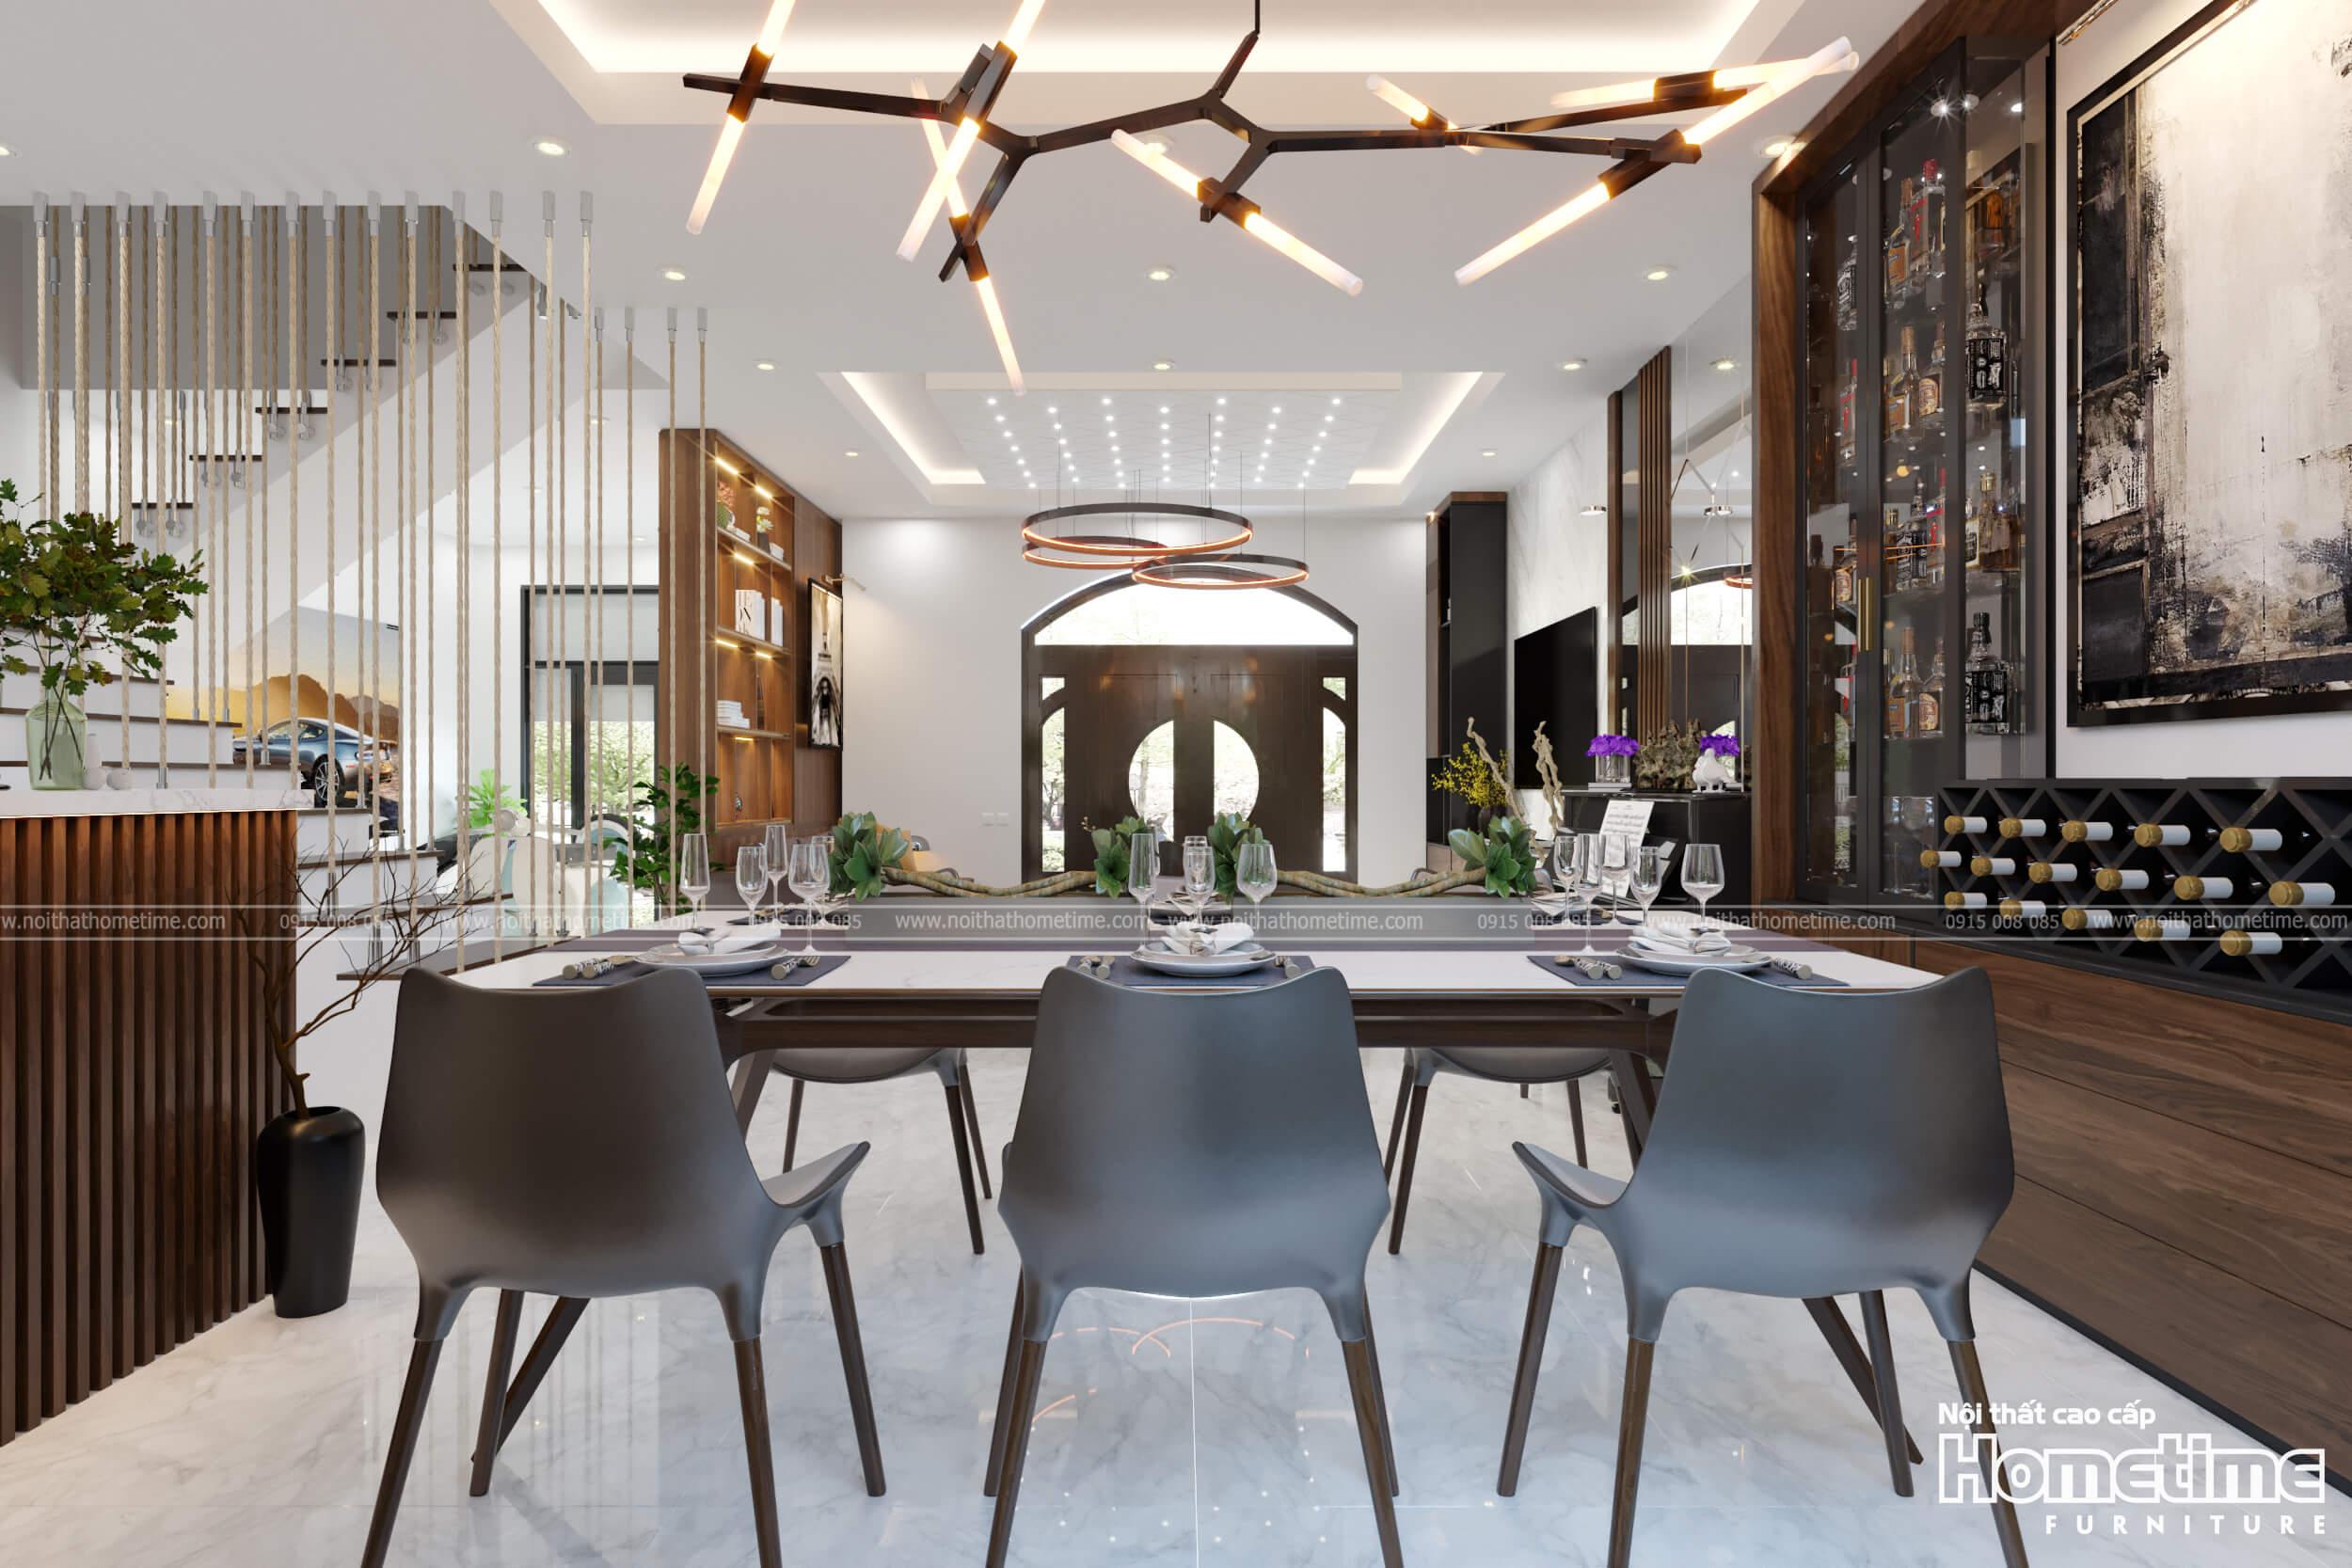 Cận cảnh bộ bàn ăn trong phòng ăn
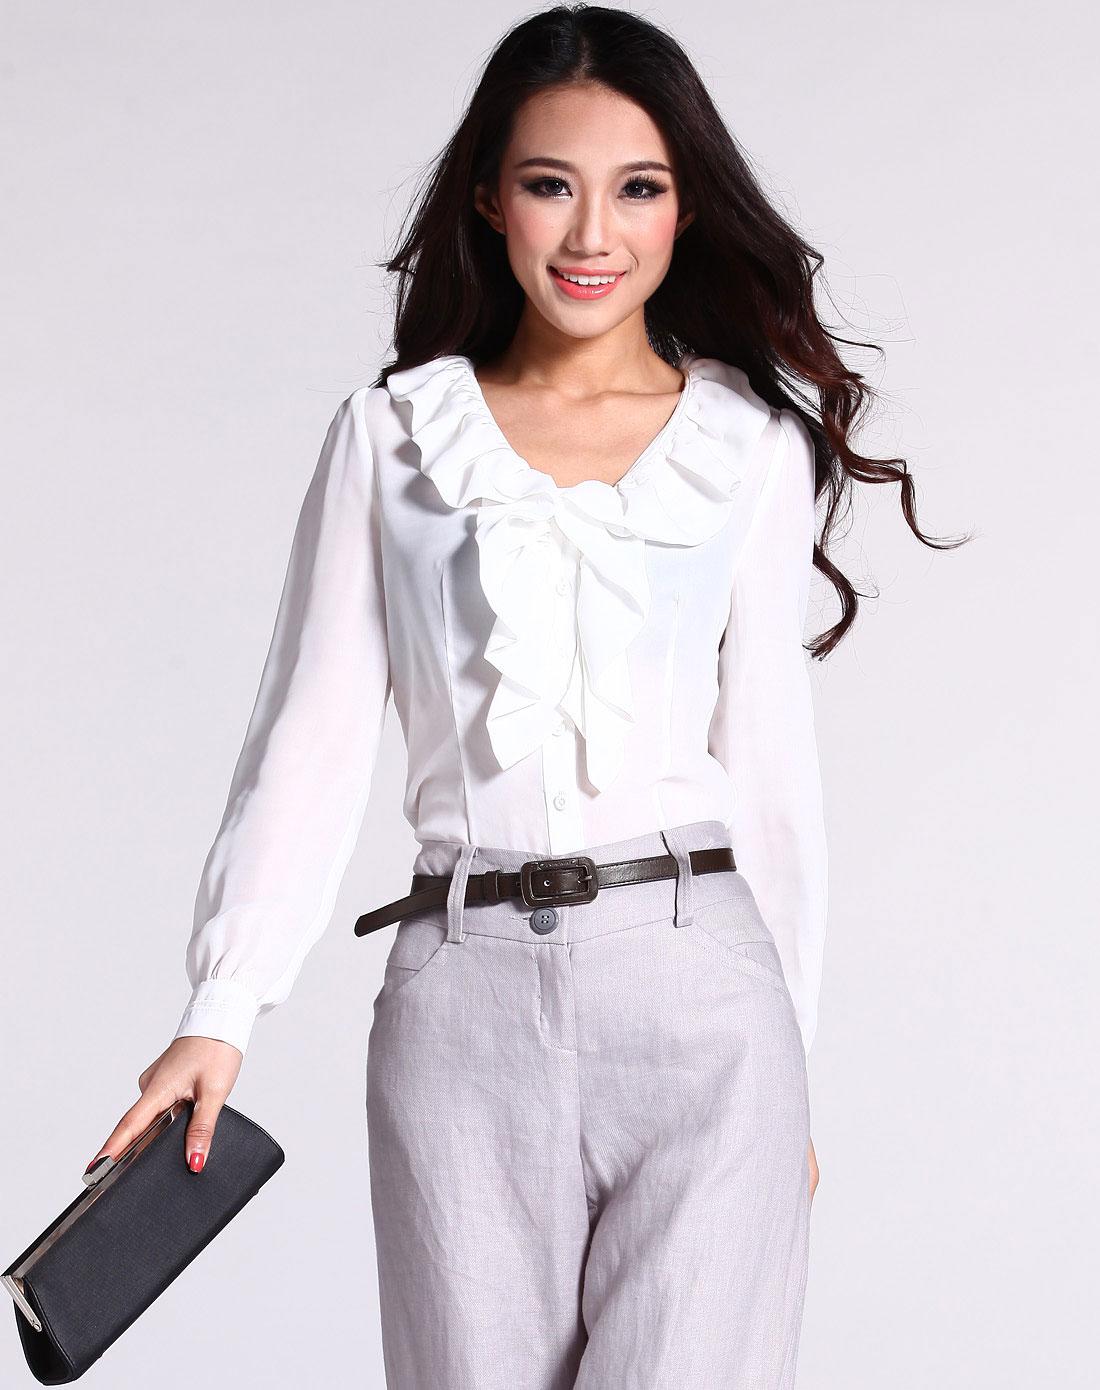 女款白色荷叶领衬衣
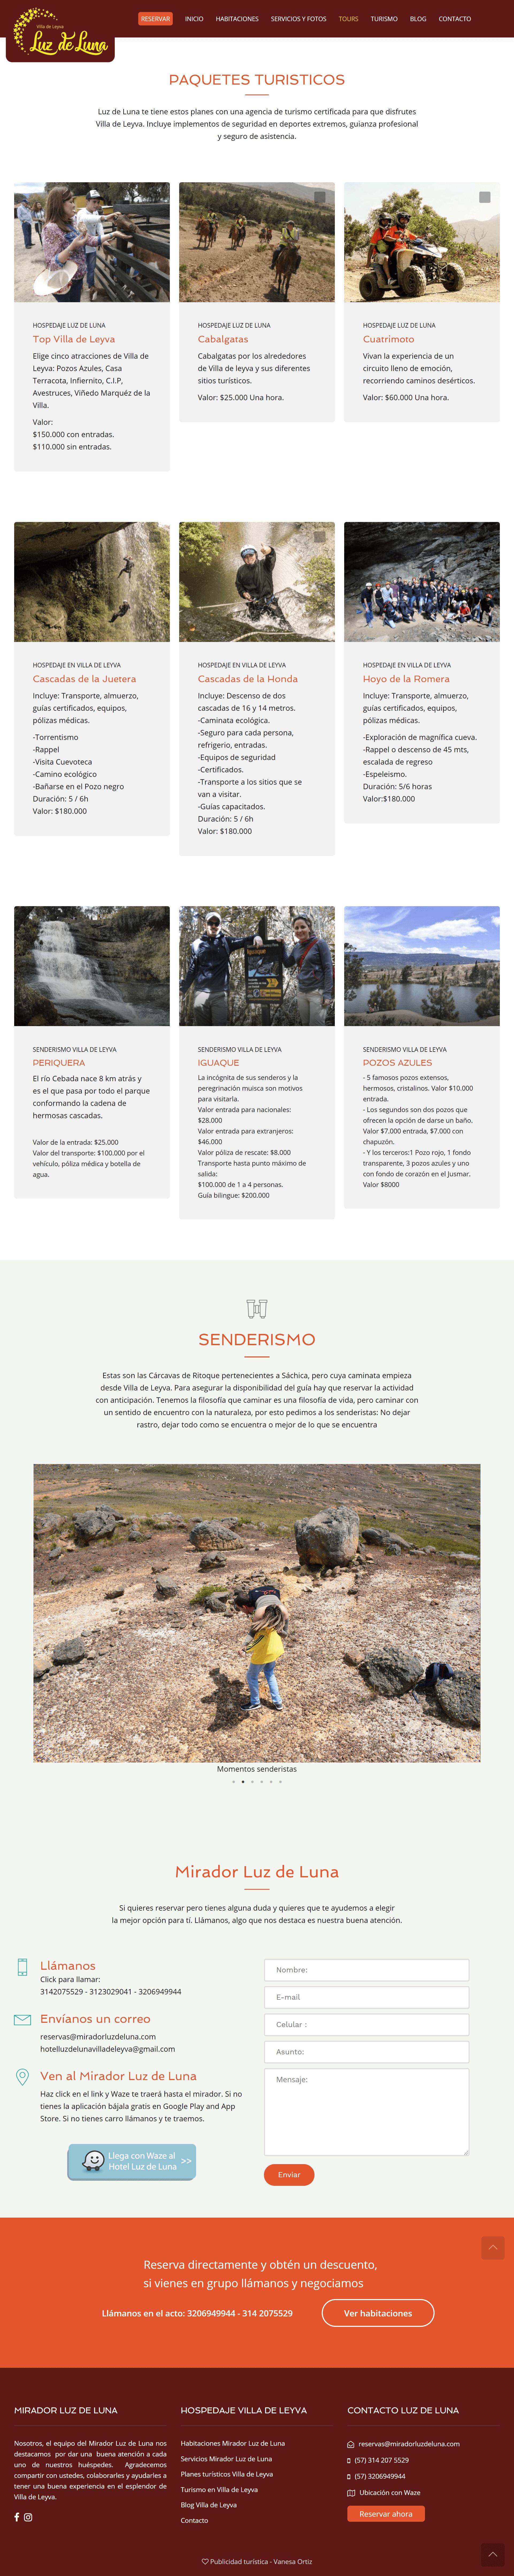 diseño paginas web villa de leyva

What is needed.
Take every line of the material and copy it exactly, leaving out the pictures.

Written solution.
 Cận cảnh bộ bàn ăn trong phòng ăn
 女款白色荷叶领衬衣
 diseño paginas web villa de leyva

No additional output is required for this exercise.